Мы оба молчим. Когда я поворачиваюсь к нему, он смотрит на меня, у него на лице одновременно и доброта, и желание.

― Ты можешь сделать кое-что ради меня.

― Я? ― шепотом произношу я. ― И что это?

― Можешь снова поцеловать меня, детка.

О. Да. Это я могу.

Я перекатываюсь к нему и наклоняюсь вперед, прижимаясь к его губам. Он придвигается ко мне ближе, не так, чтобы касаться друг друга, но достаточно близко, чтобы можно было удобно целоваться. Он начинает с медленного глубокого поцелуя и что-то делает языком такое, что все мое тело воспламеняется. Поцелуй становится все более страстным. Я начинаю телом признавать Димитрия и понимаю, что хочу прижаться к нему. Во мне просыпается нетерпение, которое пробуждал только он.

Оторвавшись от моих губ, он тихонько говорит:

― Как насчет того, чтобы попробовать кое-что?

― А? ― запинаюсь я.

― Постепенно. Одна рука.

Я смотрю на него в замешательстве.

― Я положу на тебя одну руку, а ты, ― он делает глубокий вдох, ― можешь сделать то же самое.

Он позволит мне прикоснуться к нему. Сама мысль об этом возбуждает. Я киваю, не раздумывая. Мне и не нужно думать. Почувствовать Димитрия… я так много представляла это. Протягиваю руку и вижу, что по его коже едва ли не рябь идет — так сильно он вздрагивает. Я осторожно кладу кончики пальцев ему на бок и просто держу их так.

Он точно так же касается моего тела: отплачивает мне той же монетой. Я снова медленно наклоняюсь, прижимаясь губами к его губам. Он позволяет мне, открывая рот для моего ищущего языка. Когда наш поцелуй снова накаляется, я слегка веду пальцами по его боку. И чувствую, как он прерывает поцелуй, но не останавливает меня. Он просто ведет пальцами точно так же. А у меня от его касания кожа будто загорается.

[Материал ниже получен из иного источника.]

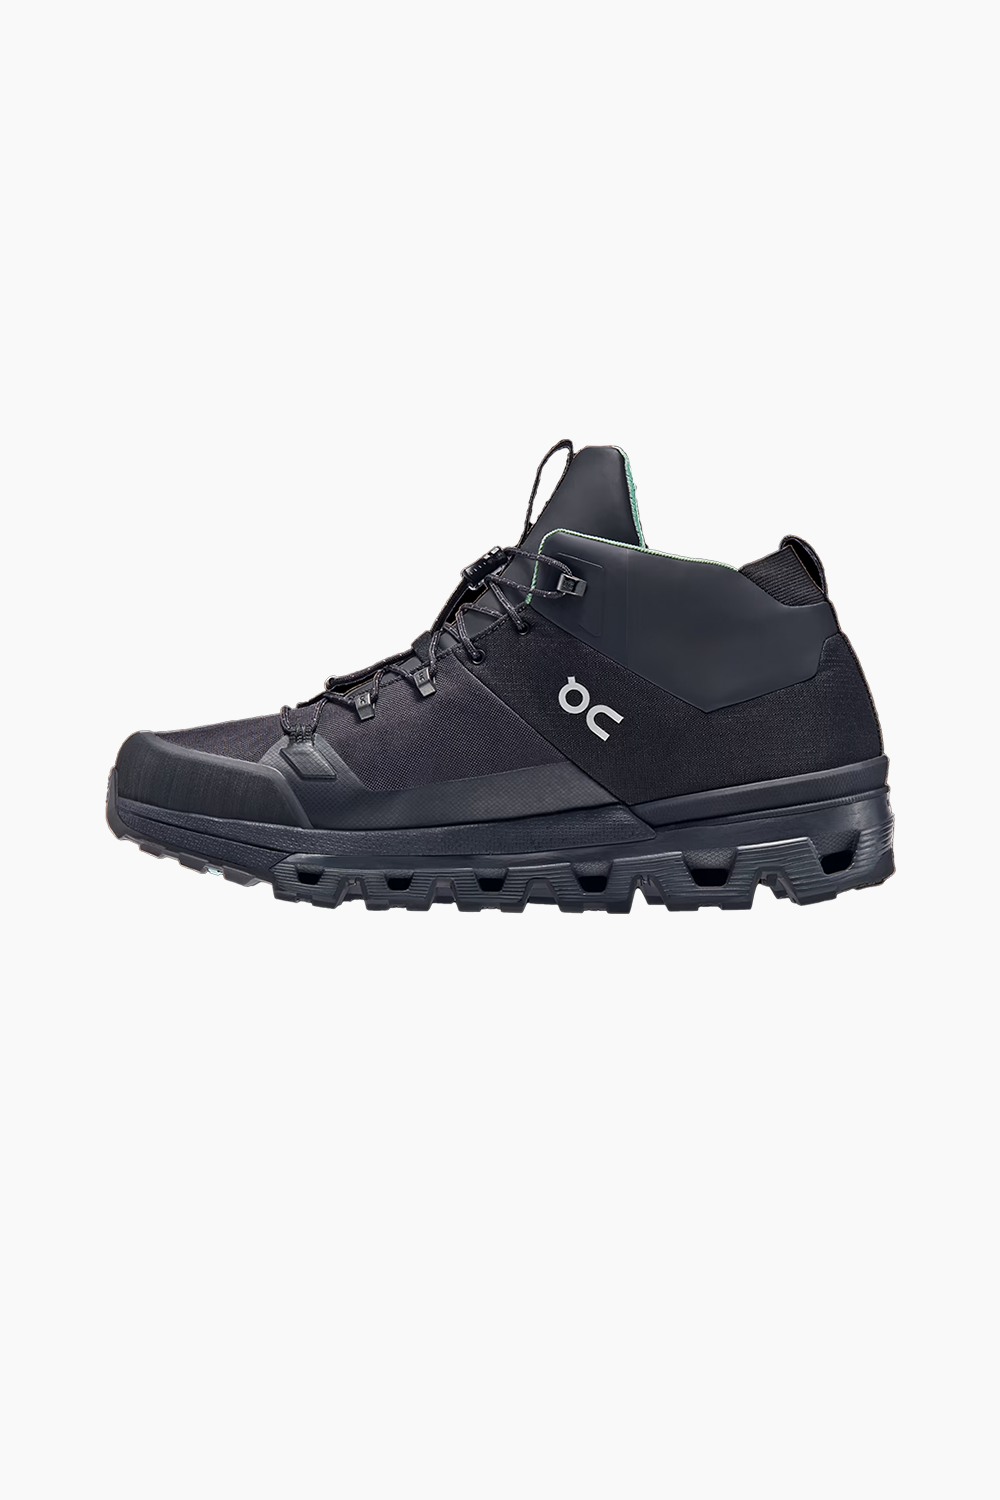 ON | Men's Cloudtrax Waterproof in Black

Дотягиваюсь до подола его рубашки и колеблюсь. Хочу пойти дальше, хочу почувствовать его, но очень боюсь. Так страшно, что вдруг мы сделаем шаг слишком далеко, а я сломаюсь. Закрываю глаза, отрываюсь от его губ и прижимаюсь лбом ко лбу. Димитрий тяжело дышит, я чувствую его дыхание у себя на щеке.

― Ты в порядке? ― шепчу я.

― Да.

Я не знаю, разрешит ли он, но пробую: хватаюсь за подол рубашки и медленно поднимаю ее. Слегка откидываю голову назад и смотрю ему в глаза, задирая рубашку до груди. Он закрыл глаза, его челюсти плотно сжаты. Но он позволяет, подняв руки. Димитрий помогает мне снять рубашку и бросает ее на пол. Затем берется за мой подол. Я сглатываю слюну и позволяю ему снять одежду через голову.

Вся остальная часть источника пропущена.